Le juge Ángel Hurtado, instructeur de l'affaire ouverte à la Cour suprême contre le procureur général de l'État pour la révélation de secrets, a admis la demande du bureau du procureur d'incorporer un rapport d'experts qui confirme que l'e-mail qui concentre l'enquête avait non seulement envoyé au ministère public, mais également au plaidoyer de l'État. Ce rapport a été préparé par le plaidoyer de l'État pour prouver devant la Haute Cour que ce courrier n'a jamais été transmis par l'avocat de l'État qui l'a reçu et, par conséquent, cela ne peut être soupçonné de sa filtration. Mais le bureau du procureur, dans un appel déposé devant le juge, avertit que ce document a une « transcendance incontestable » pour l'enquête parce que le couple d'Ayuso n'avait pas référé jusqu'à présent « qu'un jour similaire ou identique, à l'objet d'explication. »
Dans une Providence publiée mercredi, auquel le pays a eu accès, Hurtado accepte d'incorporer dans la cause du rapport d'experts de la loi et, avec lui, la copie de l'e-mail envoyé par la défense de González Amador à un avocat d'État. En ce qui concerne le 2 février 2024 et dont la filtration attribue le Suprême à Álvaro García Ortiz, l'avocat a admis que son client avait commis deux crimes fiscaux et avait proposé au bureau du prosécuteur un pacte qui l'avait combattu pour entrer dans la prison. L'enquête sur le procureur général de l'État est basée sur le fait que le contenu de ce courrier a commencé à être publié dans les médias peu de temps après, au 21.59 du 13 mars, le procureur provincial de Madrid, Pilar Rodríguez, a également été transmis à García Ortiz. Mais le juge n'a pas réussi à recueillir des preuves qui confirment ou nie que García Ortiz était l'auteur de la filtration.

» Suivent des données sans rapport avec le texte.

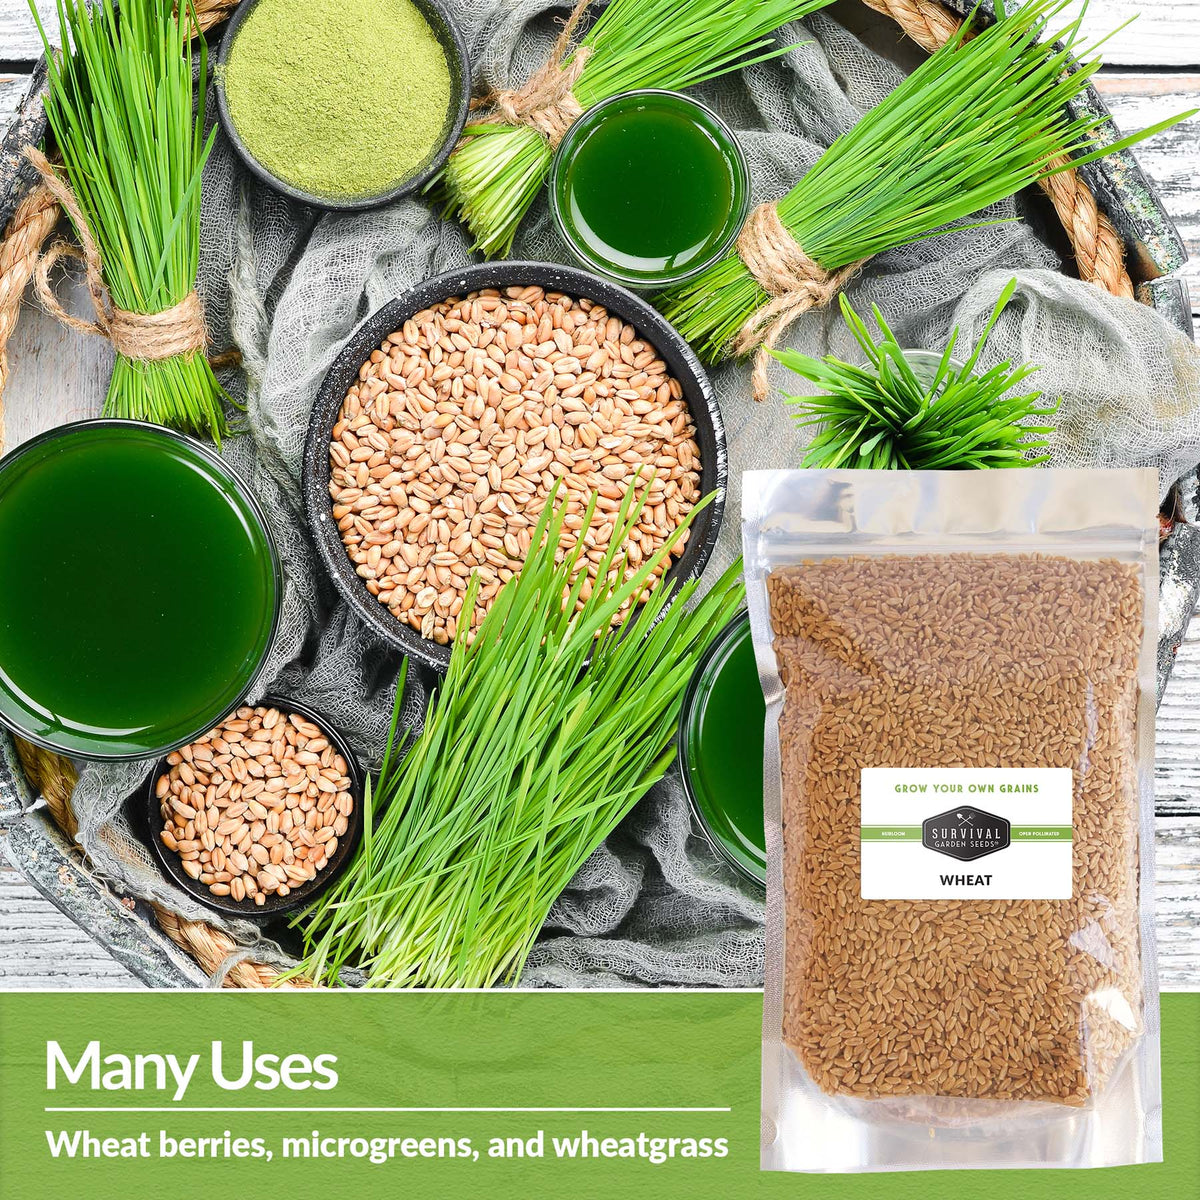 Wheat has many uses - wheat berries, microgreens and wheatgrass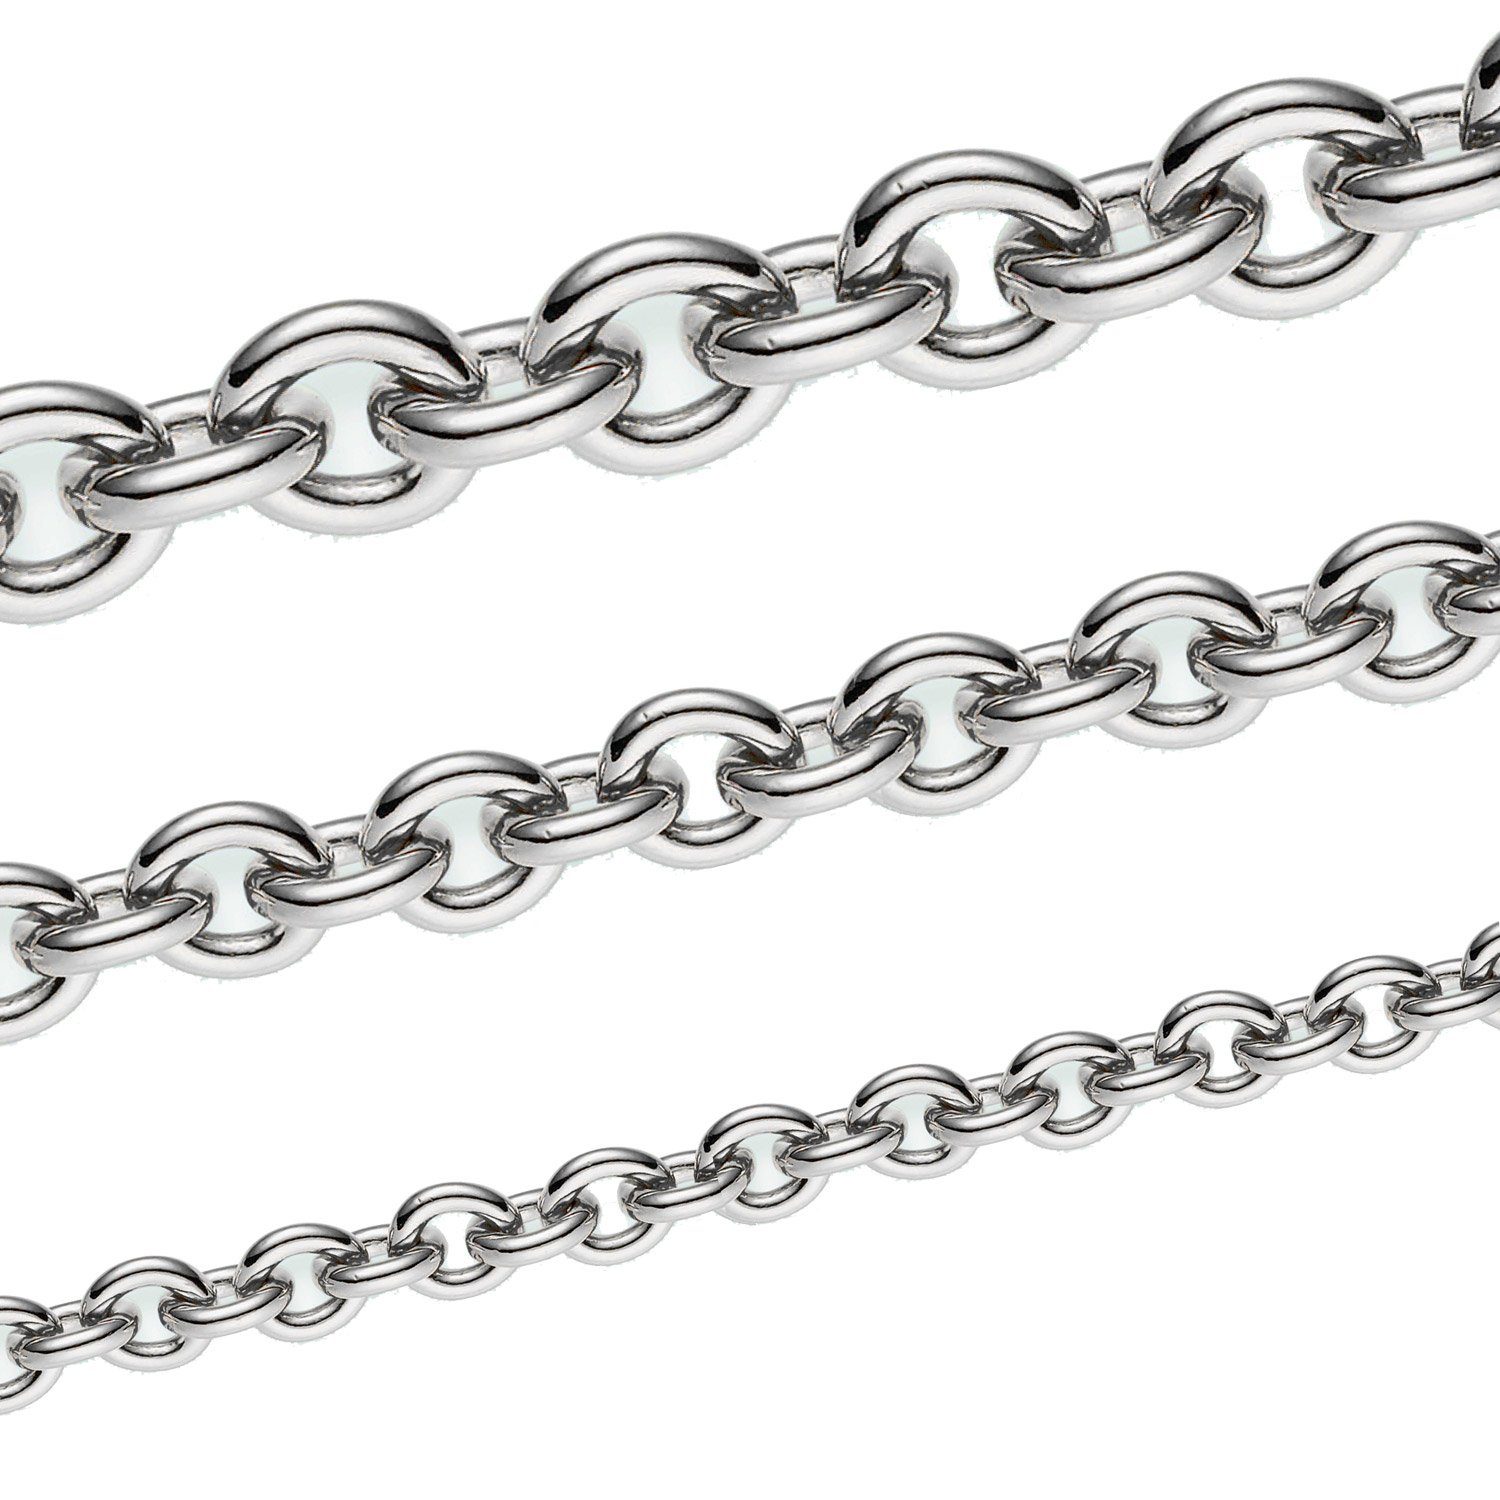 HOPLO Silberkette Ankerkette Halskette - Legierung 925 Sterlingsilber -  Kettenbreite 6,2 mm - Kettenlänge 55 cm, Made in Germany

Le plaidoyer de l'État, défenseur des deux procureurs accusés, maintient dans l'une de ses ressources que le fait que le petit ami d'Ayuso ait envoyé sa proposition pour un accord dans lequel il a admis la commission de deux crimes à un avocat d'État, il n'a pu faire partie de aucune action, ni aucun membre de celui-ci ne pourrait être officiellement responsable de aucun dossier, car il n'a été invité à faire appel mais après tous les faits controversés. «
Pour la loi, le fait que l'avocat de González Amador ait envoyé à cette institution ce même courrier quelques minutes après l'avoir envoyé au bureau du procureur suppose que l'avocat a déjà éclaté à ce moment-là la prétendue confidentialité dans ses relations avec le ministère public. Les sources de la défense des deux procureurs ont insisté sur le fait que ces nouvelles données montrent que González Amador a triché à plusieurs reprises la Cour suprême en lui faisant penser que seul le bureau du procureur pourrait avoir les courriels ou des informations, alors qu'en réalité, il s'agissait du petit ami d'Ayuso qui a manipulé l'opinion publique filtrant un autre courrier et des informations partielles et malasentes de la procédure.